- Records shown:

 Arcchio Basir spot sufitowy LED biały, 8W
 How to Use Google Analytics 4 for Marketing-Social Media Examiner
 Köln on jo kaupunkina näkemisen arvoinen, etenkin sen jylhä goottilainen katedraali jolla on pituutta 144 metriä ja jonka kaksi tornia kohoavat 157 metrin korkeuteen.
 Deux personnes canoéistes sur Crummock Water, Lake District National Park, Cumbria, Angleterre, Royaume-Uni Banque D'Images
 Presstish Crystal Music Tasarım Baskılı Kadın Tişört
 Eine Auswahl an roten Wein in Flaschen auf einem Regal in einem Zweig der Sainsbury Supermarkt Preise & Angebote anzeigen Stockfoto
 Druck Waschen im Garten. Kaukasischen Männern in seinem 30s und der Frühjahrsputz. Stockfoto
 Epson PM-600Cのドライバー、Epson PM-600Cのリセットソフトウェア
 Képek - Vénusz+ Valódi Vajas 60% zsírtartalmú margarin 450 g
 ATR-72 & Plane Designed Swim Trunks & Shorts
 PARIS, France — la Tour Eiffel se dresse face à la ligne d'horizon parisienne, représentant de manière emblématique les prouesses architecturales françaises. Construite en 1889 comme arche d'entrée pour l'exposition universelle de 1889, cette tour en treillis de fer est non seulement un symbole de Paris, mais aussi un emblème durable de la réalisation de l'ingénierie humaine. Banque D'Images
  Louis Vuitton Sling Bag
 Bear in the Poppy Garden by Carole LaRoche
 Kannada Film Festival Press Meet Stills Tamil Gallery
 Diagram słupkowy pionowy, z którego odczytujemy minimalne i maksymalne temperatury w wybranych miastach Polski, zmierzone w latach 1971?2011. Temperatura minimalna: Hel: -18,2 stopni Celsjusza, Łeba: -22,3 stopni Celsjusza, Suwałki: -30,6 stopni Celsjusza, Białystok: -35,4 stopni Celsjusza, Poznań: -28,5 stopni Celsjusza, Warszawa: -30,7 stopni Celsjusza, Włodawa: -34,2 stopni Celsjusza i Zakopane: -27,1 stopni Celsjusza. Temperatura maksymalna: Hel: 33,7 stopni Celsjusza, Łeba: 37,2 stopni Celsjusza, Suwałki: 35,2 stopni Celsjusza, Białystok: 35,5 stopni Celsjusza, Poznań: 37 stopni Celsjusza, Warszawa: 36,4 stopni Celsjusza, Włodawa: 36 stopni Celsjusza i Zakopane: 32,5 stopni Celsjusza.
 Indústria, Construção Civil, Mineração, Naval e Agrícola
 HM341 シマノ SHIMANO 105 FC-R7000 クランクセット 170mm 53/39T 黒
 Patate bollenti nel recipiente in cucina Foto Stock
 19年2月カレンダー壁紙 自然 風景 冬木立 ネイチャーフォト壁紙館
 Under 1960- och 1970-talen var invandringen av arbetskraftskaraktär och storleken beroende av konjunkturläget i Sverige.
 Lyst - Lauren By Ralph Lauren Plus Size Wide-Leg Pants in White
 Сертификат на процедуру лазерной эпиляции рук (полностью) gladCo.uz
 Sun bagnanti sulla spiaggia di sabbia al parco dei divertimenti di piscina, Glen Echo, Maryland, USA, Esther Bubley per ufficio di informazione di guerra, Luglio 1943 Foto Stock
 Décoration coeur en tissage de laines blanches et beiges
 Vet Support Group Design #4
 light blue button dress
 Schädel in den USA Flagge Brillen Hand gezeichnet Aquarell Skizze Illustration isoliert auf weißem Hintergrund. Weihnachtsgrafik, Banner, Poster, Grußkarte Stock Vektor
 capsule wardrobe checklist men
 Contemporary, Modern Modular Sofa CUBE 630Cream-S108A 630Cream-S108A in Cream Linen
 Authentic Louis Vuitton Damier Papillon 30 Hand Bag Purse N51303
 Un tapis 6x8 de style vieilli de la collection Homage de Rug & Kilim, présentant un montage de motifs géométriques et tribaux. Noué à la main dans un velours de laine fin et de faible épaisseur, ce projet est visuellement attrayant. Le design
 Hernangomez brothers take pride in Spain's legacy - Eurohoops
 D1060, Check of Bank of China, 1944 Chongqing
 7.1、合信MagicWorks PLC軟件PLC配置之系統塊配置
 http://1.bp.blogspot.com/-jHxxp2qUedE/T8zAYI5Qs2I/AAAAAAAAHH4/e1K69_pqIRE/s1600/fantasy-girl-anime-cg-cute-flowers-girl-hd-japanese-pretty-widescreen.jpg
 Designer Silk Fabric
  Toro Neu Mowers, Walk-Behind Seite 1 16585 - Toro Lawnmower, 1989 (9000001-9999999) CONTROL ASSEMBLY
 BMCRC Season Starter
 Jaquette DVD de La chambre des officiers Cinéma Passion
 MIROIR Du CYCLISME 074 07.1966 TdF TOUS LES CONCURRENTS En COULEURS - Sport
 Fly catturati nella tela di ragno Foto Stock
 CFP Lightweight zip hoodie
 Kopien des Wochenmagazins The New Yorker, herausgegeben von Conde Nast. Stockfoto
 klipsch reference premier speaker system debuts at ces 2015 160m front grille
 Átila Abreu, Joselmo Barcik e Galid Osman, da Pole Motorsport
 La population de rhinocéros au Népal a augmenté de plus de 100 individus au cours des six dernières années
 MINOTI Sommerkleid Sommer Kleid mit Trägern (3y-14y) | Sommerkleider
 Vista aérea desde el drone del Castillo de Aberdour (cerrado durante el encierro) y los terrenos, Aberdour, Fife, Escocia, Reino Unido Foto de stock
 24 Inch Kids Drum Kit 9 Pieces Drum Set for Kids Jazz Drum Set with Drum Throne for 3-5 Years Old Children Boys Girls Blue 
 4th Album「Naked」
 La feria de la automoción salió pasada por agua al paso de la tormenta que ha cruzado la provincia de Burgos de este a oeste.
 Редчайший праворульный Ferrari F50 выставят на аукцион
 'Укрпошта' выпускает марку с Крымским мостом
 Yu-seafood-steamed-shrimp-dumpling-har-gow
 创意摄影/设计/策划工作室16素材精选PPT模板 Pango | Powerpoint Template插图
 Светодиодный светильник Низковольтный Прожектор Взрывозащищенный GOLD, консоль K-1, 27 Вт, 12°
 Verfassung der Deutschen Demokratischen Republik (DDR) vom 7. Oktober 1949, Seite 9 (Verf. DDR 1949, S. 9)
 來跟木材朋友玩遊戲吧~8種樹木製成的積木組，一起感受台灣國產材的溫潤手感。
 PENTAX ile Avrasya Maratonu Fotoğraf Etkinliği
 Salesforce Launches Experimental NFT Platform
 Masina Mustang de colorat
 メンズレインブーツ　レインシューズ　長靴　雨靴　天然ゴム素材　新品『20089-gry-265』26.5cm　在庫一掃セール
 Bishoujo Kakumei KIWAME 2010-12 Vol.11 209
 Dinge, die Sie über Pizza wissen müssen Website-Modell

- What the task asks:
Begin with the line that has "Vet Support Group Design #4" in the listing above and end after the line that has "Jaquette DVD de"; output those lines exactly.

- Output of the task:
 Vet Support Group Design #4
 light blue button dress
 Schädel in den USA Flagge Brillen Hand gezeichnet Aquarell Skizze Illustration isoliert auf weißem Hintergrund. Weihnachtsgrafik, Banner, Poster, Grußkarte Stock Vektor
 capsule wardrobe checklist men
 Contemporary, Modern Modular Sofa CUBE 630Cream-S108A 630Cream-S108A in Cream Linen
 Authentic Louis Vuitton Damier Papillon 30 Hand Bag Purse N51303
 Un tapis 6x8 de style vieilli de la collection Homage de Rug & Kilim, présentant un montage de motifs géométriques et tribaux. Noué à la main dans un velours de laine fin et de faible épaisseur, ce projet est visuellement attrayant. Le design
 Hernangomez brothers take pride in Spain's legacy - Eurohoops
 D1060, Check of Bank of China, 1944 Chongqing
 7.1、合信MagicWorks PLC軟件PLC配置之系統塊配置
 http://1.bp.blogspot.com/-jHxxp2qUedE/T8zAYI5Qs2I/AAAAAAAAHH4/e1K69_pqIRE/s1600/fantasy-girl-anime-cg-cute-flowers-girl-hd-japanese-pretty-widescreen.jpg
 Designer Silk Fabric
  Toro Neu Mowers, Walk-Behind Seite 1 16585 - Toro Lawnmower, 1989 (9000001-9999999) CONTROL ASSEMBLY
 BMCRC Season Starter
 Jaquette DVD de La chambre des officiers Cinéma Passion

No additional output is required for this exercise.